Archives May 2020

FRA space full oracle
Make it simple

we often as a dba run into trouble ,when flash recovery area of one of critical database gets full due to bulk DML as a cause of business transactions.

This causes the database to hang and cause impact to the applications.Though ,it is not in our hands as we cant control it until the architecture .

Hence a good monitoring system should be implemented to overcome these situations.

The parameter set for FRA is db_recovery_file_dest_size

If the parameter is not set sufficient to balance the archivelog generations ,then database get issues.

We get “ORA-12154 ” and “ORA-00257: archiver error”

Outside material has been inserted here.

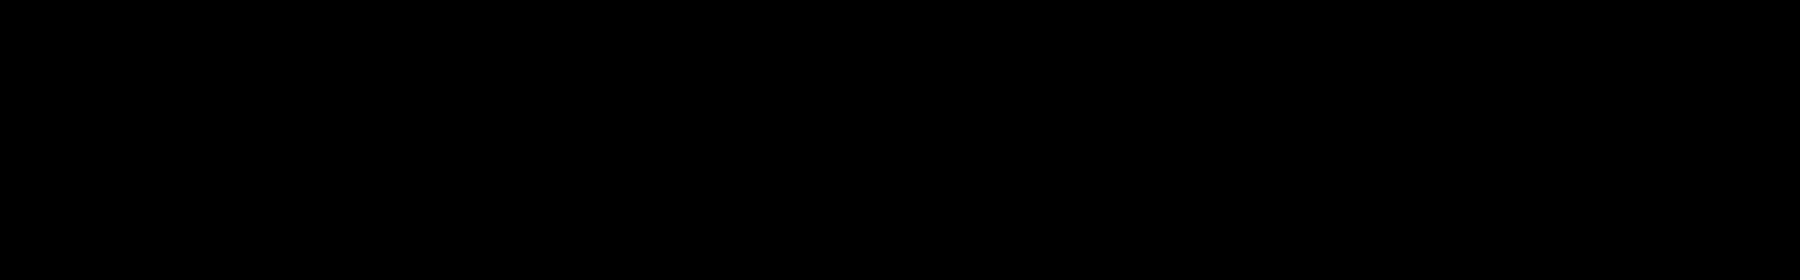 The Kraken Vol 1 - Dubstep Serum Presets audio waveform
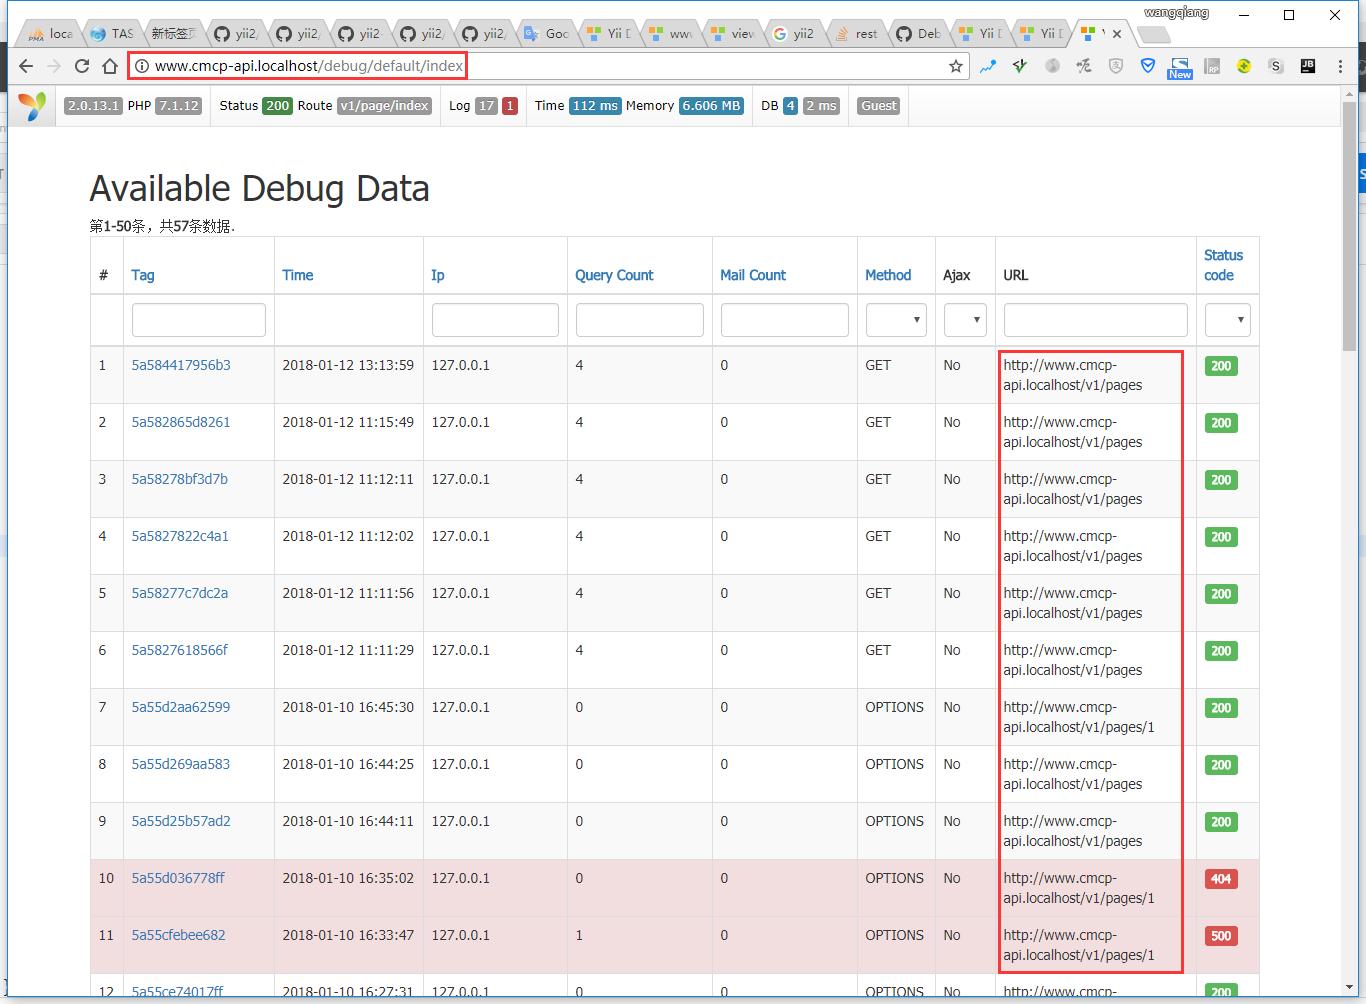 分析得出前端应用的调试器的网址,只需要将 frontend 替换为 www,便是接口应用的调试器的网址,打开:http://www.cmcp-api.localhost/debug/default/index

SQL>show parameter db_recovery_file_dest_size;

db_recovery_file_dest_size 100G

check the reason for the FRA space full and free space using below useful views

SQL>select * from v$flash_recovery_area_usage;

SQL>select * from v$recovery_file_dest;

To resolve this error,we can either increase the FRA or delete the archivelogs from disk which are older.

Solution 1:

SQL>alter system set db_recovery_file_dest_size=200G;

Solution 2:

Connect to RMAN ,then we can delete the archivelogs which are older.If backups are taken every 12 hours in database we can consider deleting archivelogs generated before 1 day.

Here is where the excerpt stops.